Le tenere pietre di Ankor non hanno voce. Le calpestano costosi scarponi occidentali, scarpette in pelle leggera dell'estremo oriente, tacchi a spillo di insensate fanciulle che forse sperano di trovare qui l'amore della loro vita. Calpestare le tenere pietre di Ankor è un'attività frenetica a cui nessuno si sottrae e che non disturba nessuno, a parte le pietre. Non ci sono percorsi obbligati, passerelle in legno, se non pochissimi, divieti di accesso, pochissimi.
Alcuni cartelli avvisano: non sedetevi sui monumenti. Infatti pochi ci si siedono, molti ci si arrampicano. Le guide, che dovrebbero controllare un tantino, si offrono per scattare le foto più audaci.
Per le giapponesine, che hanno tanto il senso dell'armonia, lo sport preferito consiste nel farsi incorniciare in preziosissime finestre, sedute sul davanzale, a traverso, la bocca sulle ginocchia.
La finestra piace anche a fotografi, signorotti anziani e volti rubicondi. Ma non è il massimo. Qualche gruppo sta facendo picnic in un angolo non troppo appartato, tanto per suscitare la gelosia di quelli che siamo usciti all'alba, e tra fame e rabbia, abbiamo un vulcano nello stomaco.

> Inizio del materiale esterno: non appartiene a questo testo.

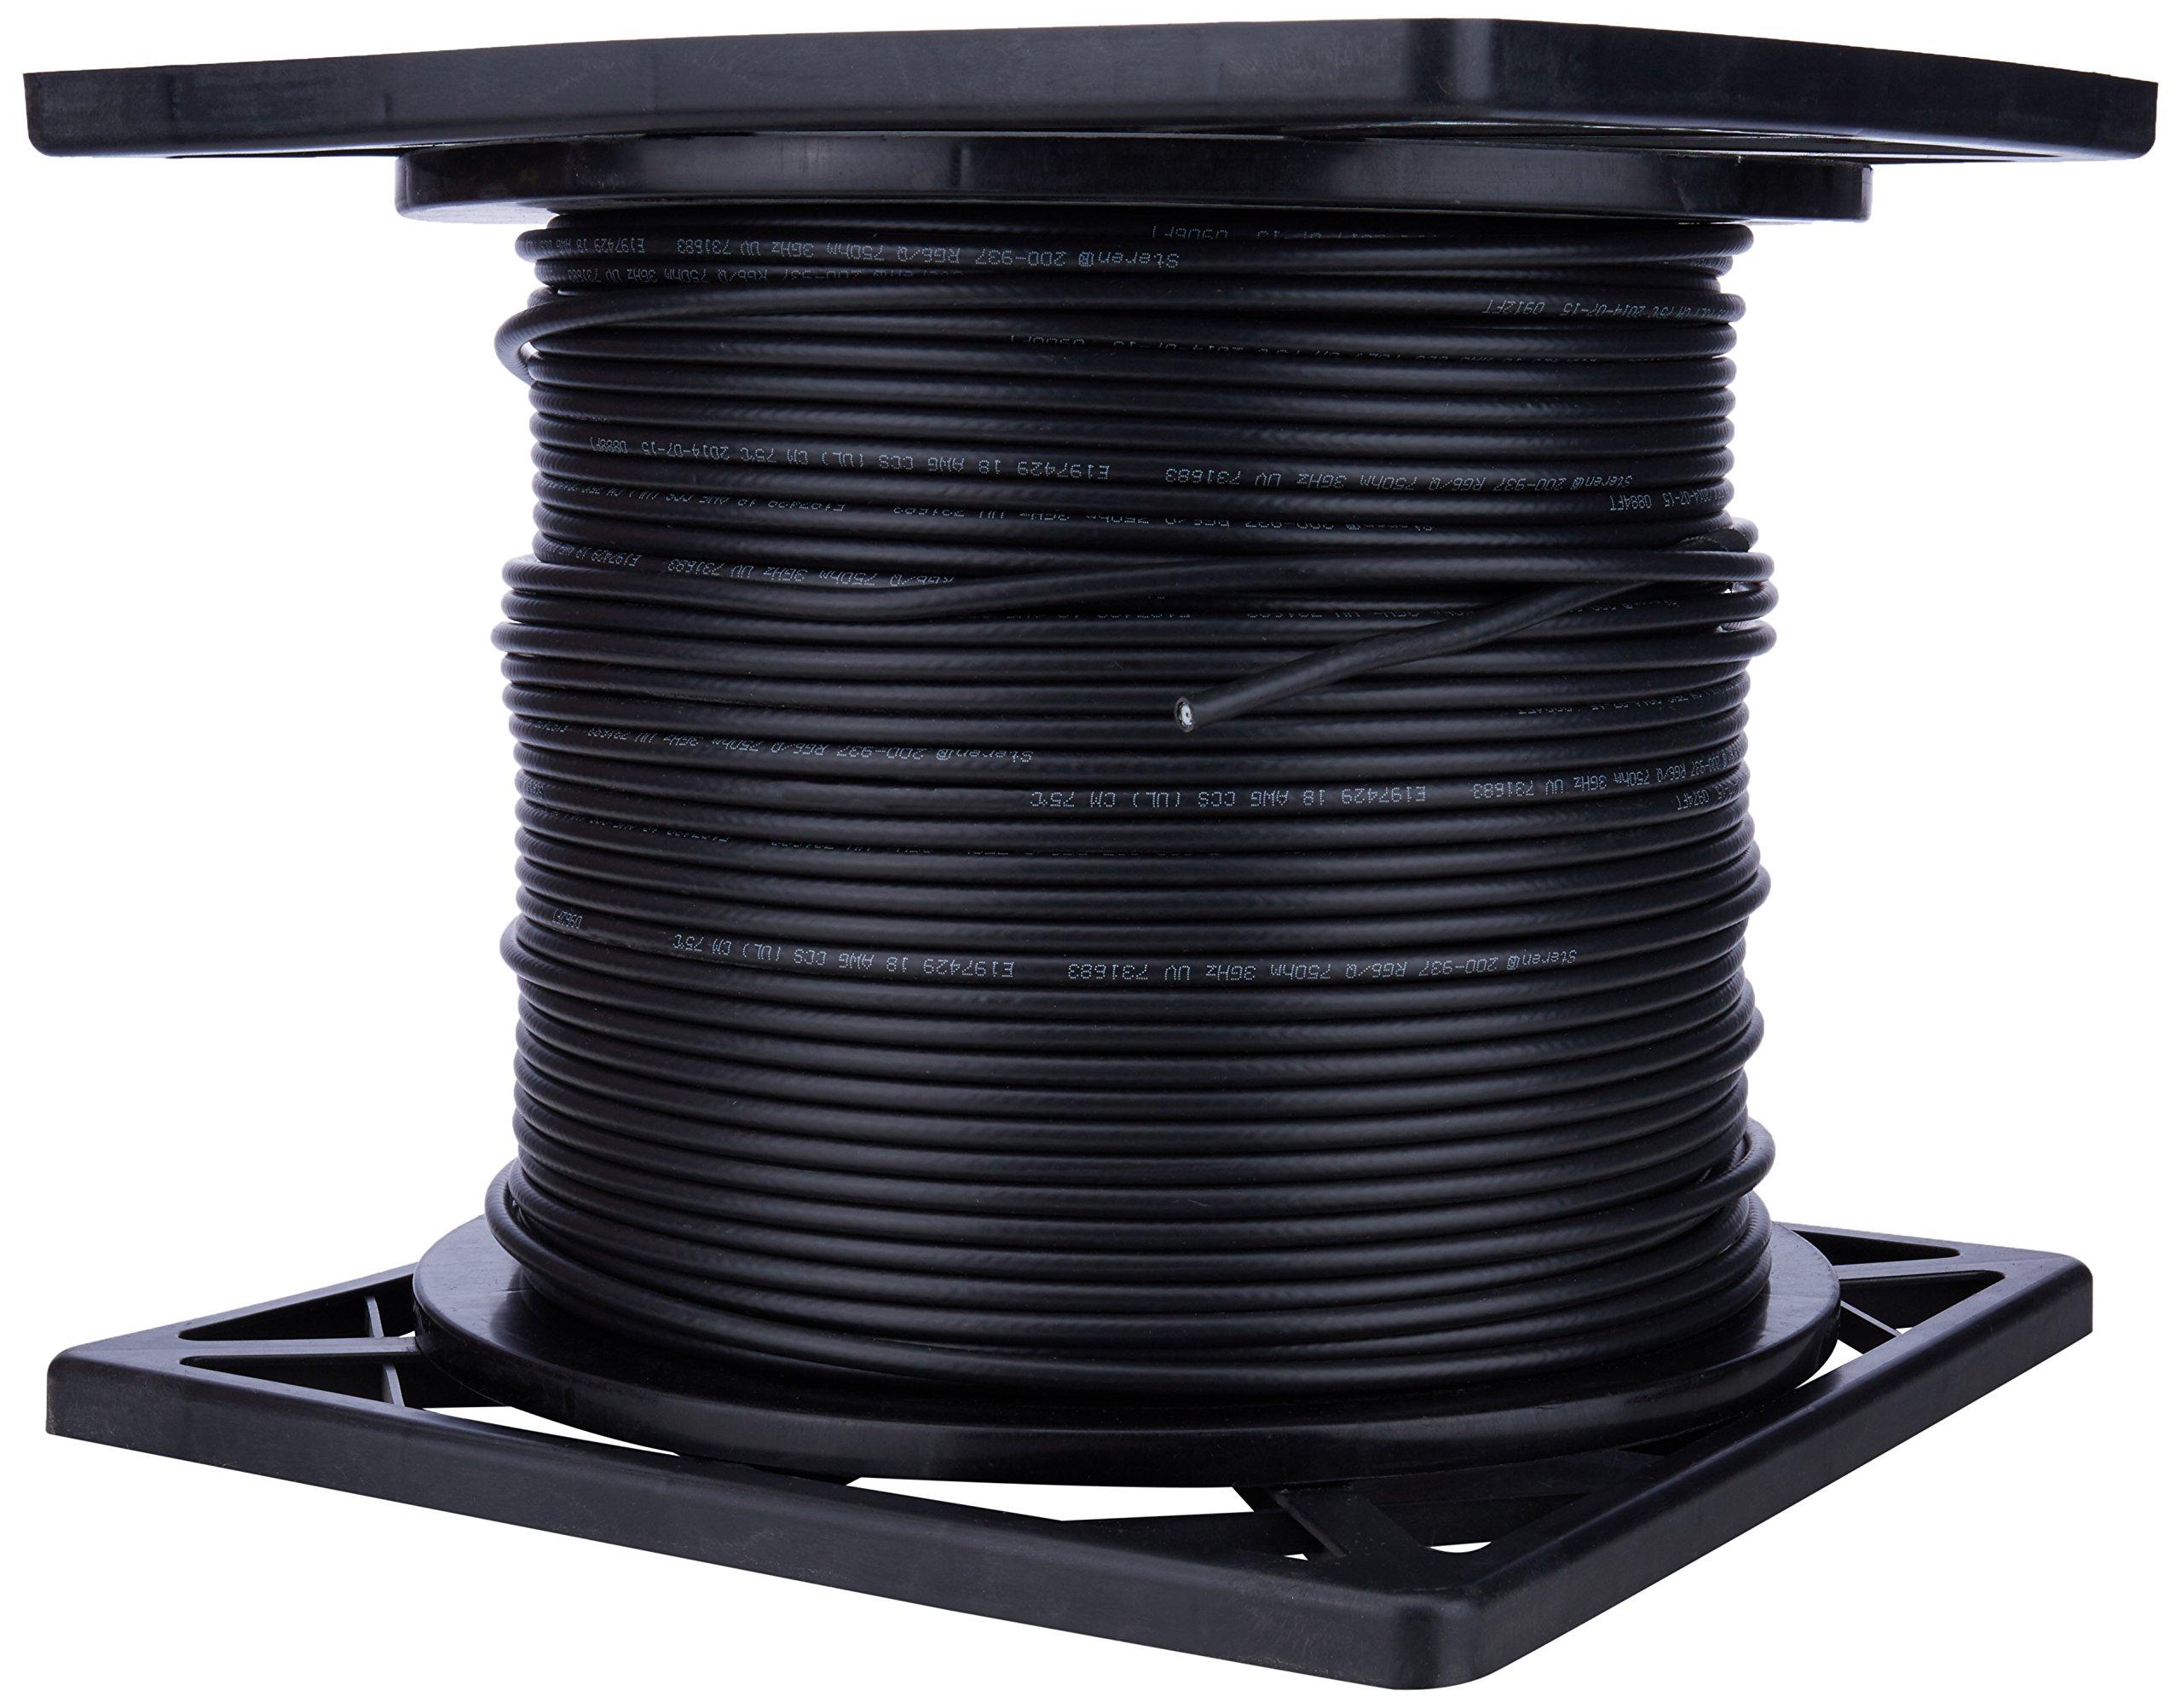 Steren 200-937BK 1000 feet RG6 Ul/cm Quadsld Coax Cable - Black

L'arrampicata è il massimo, specie se riesce a toccare vette alpine. Certo, dopo è dura, ed occorre trovare un buon letto, con tanto di fidanzatina premurosa che ti immortala nella posa dell'eroe stanco.
I turisti sono migliaia e migliaia ed il cattivo esempio dilaga, come pure la disattenzione di chi dovrebbe controllare. Uno dei posti più preziosi della terra rischia rapido deterioramento se una classe dirigente locale non acquisisce le competenze per gestirlo a dovere. Forse l'Italietta piccola piccola che da queste parti non compare per niente, ma che tante competenze ha in materia di conservazione di beni culturali, qualcosa potrebbe fare, anche meglio della Cina e dell'India, che pure qui sono presenti con le loro missioni.
Ripeto, le tenere pietre di Ankor non hanno voce.